One surprise after another, thought Quart. This was a strange little club that Father Ferro had here. An insubordinate astronomer priest.
"You didn't mention your interest in astronomy either," Quart said, looking into her dark eyes, wondering what other secrets were hidden there.
"I'm interested in tranquillity," said Macarena simply. "You can find it up there, among the stars. Father Ferro lets me stay while he works. I read or watch him."
Quart looked at the sky above their heads – a rectangle of blue framed by the eaves of the Andalusian courtyard. There was a single cloud, high up. Small, solitary and motionless, like Father Ferro. "In the past," he said, "astronomy was forbidden to clerics. It was considered too rational and therefore a threat to the soul." He smiled in a friendly way at the old priest. "The Inquisition would have imprisoned you for it."
Father Ferro looked down, bad-tempered, unyielding. "The Inquisition," he muttered, "would have imprisoned me for a lot of things, not just astronomy."
"But not anymore," said Quart, thinking of Cardinal Iwaszkiewicz. "Not that they wouldn't like to."
For the first time they all laughed, even Father Ferro, reluctantly at first, then with good humour. Talking of astronomy seemed to have narrowed a little the gulf between him and Quart. Macarena sensed it and looked pleased, glancing first at one and then the other. Bright glints once again shone in her eyes, and she laughed her frank, open laugh, like a boy's. She suggested that the old priest show Quart the pigeon loft.
The brass telescope gleamed beneath the mudejar arches open on all four sides of the tower. It looked out over the rooftops of Santa Cruz. In the distance, among television aerials and flocks of pigeons flying in all directions, were La Giralda, the Torre del Oro and a stretch of the Guadalquivir with jacarandas in flower like blue splashes along its banks. The rest of the landscape before which Carlota Bruner had languished a century earlier was now a mass of modern concrete, steel and glass buildings.

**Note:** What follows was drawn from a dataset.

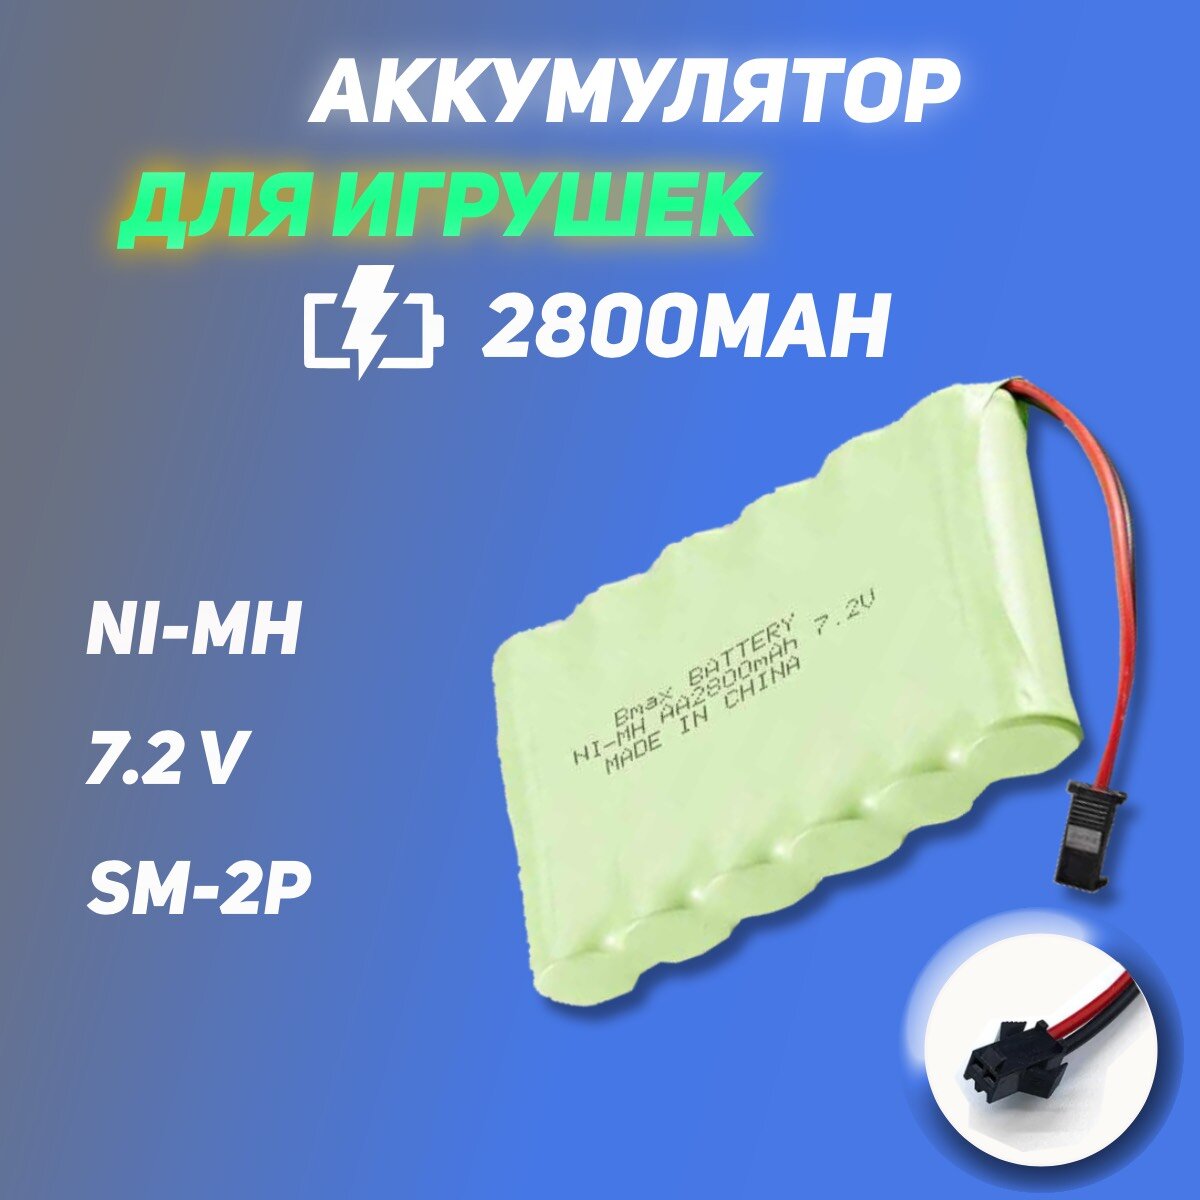 Аккумулятор для радиоуправляемой машины (игрушки) Ni-Mh 7.2V 2800mAh разъем SM-2P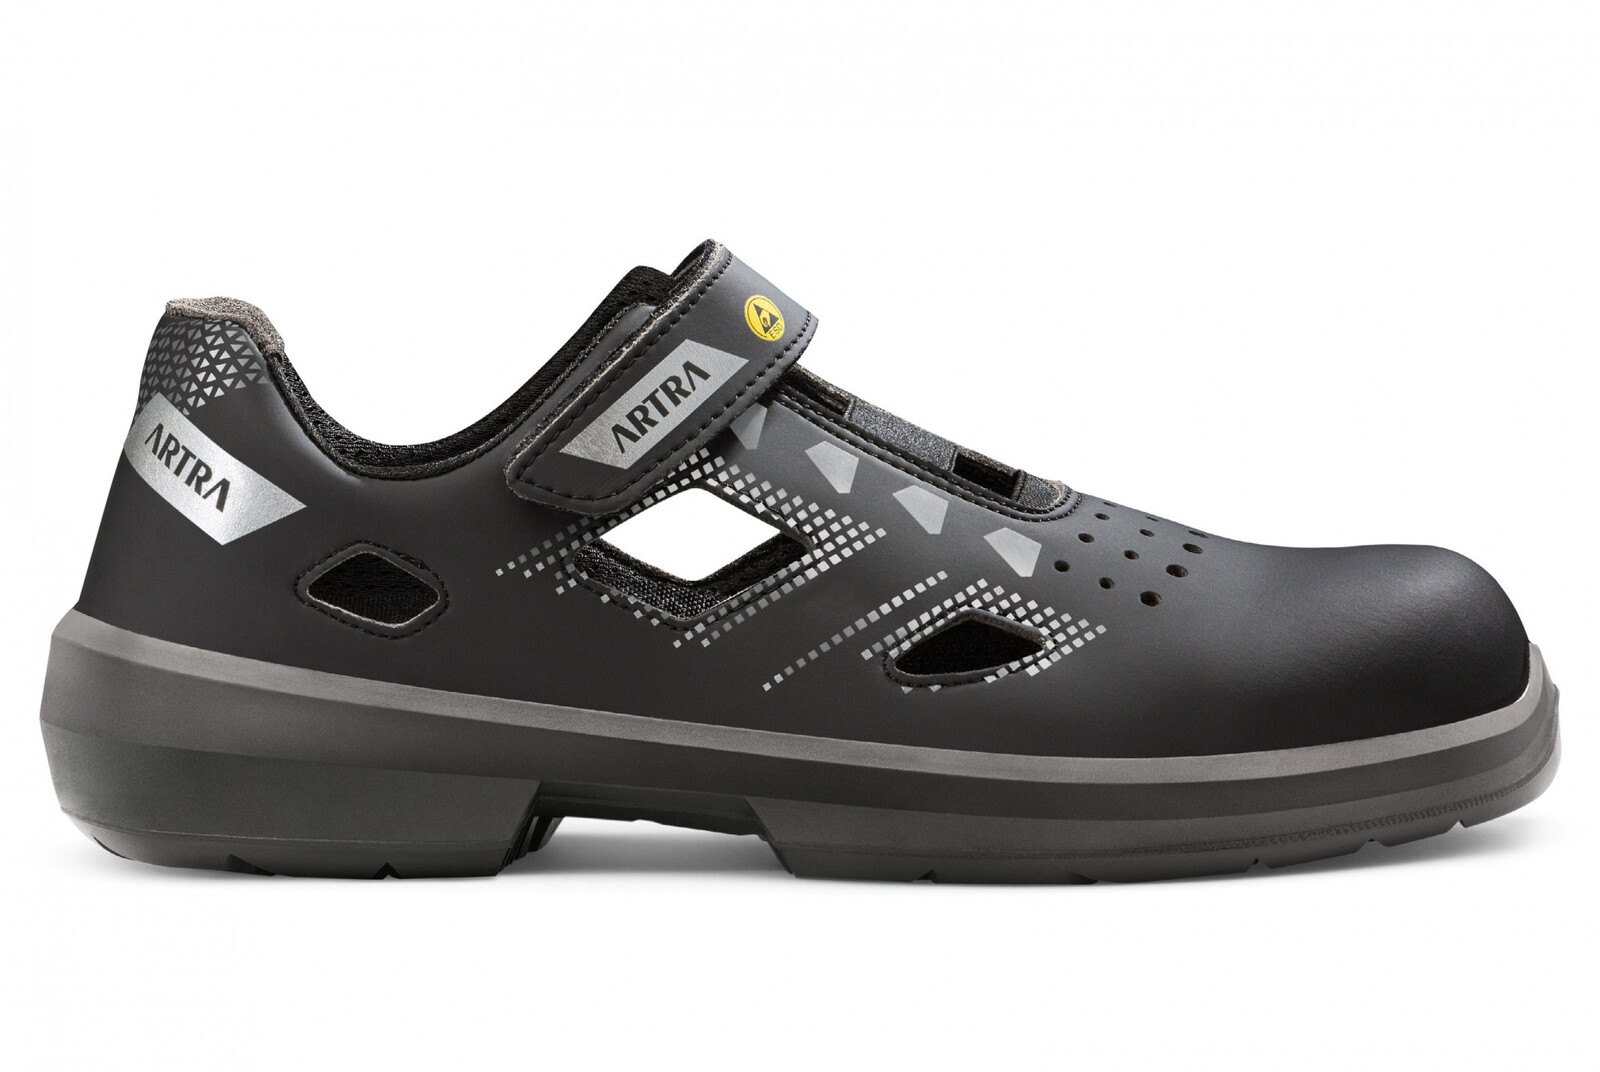 Bezpečnostné sandále Artra Arzo 805 676560 S1 SRC ESD MF - veľkosť: 45, farba: čierna/sivá

There was not a single white sail in sight, nor boats bobbing on the current, and the four pinnacles of the Archivo de Indias looked like forgotten sentinels atop the Lonja building, guarding the paper, dust and memories of a time long past within it. "What a wonderful place," said Quart.
Father Ferro didn't answer. He took his dirty handkerchief from his pocket and wiped the tube of the telescope, breathing on it. It was an ancient model, almost two metres long, with an altazimuth mounting. The long brass tube and all the metal parts had been carefully polished. The telescope shone in the sunlight, and the sun was moving slowly towards the far bank, over Triana. There was little else in the pigeon loft: a couple of old torn leather armchairs, a desk with numerous drawers, a lamp, a print of seventeenth-century Seville on the wall, and a few leather-bound books: Tolstoy, Dostoyevsky, Quevedo, Heine, Galdos, Blasco Ibanez, Valle-Inclan, together with some treatises on cosmography, celestial mechanics and astrophysics. Quart went to take a closer look at them: Ptolemy, Porta, Alfonso de Cordoba. Some were very old editions.
"I would never have imagined it," Quart said. "I mean, that you'd be interested in this sort of thing."
His tone was sincere, conciliatory. In the last few hours his view of Father Ferro had undergone considerable change. The old priest was rubbing the telescope, as if a genie with all the answers were asleep inside. He shrugged. His cassock was so stained and threadbare that it looked more grey than black. Strange contrast, thought Quart: the small, dingy priest beside the gleaming telescope.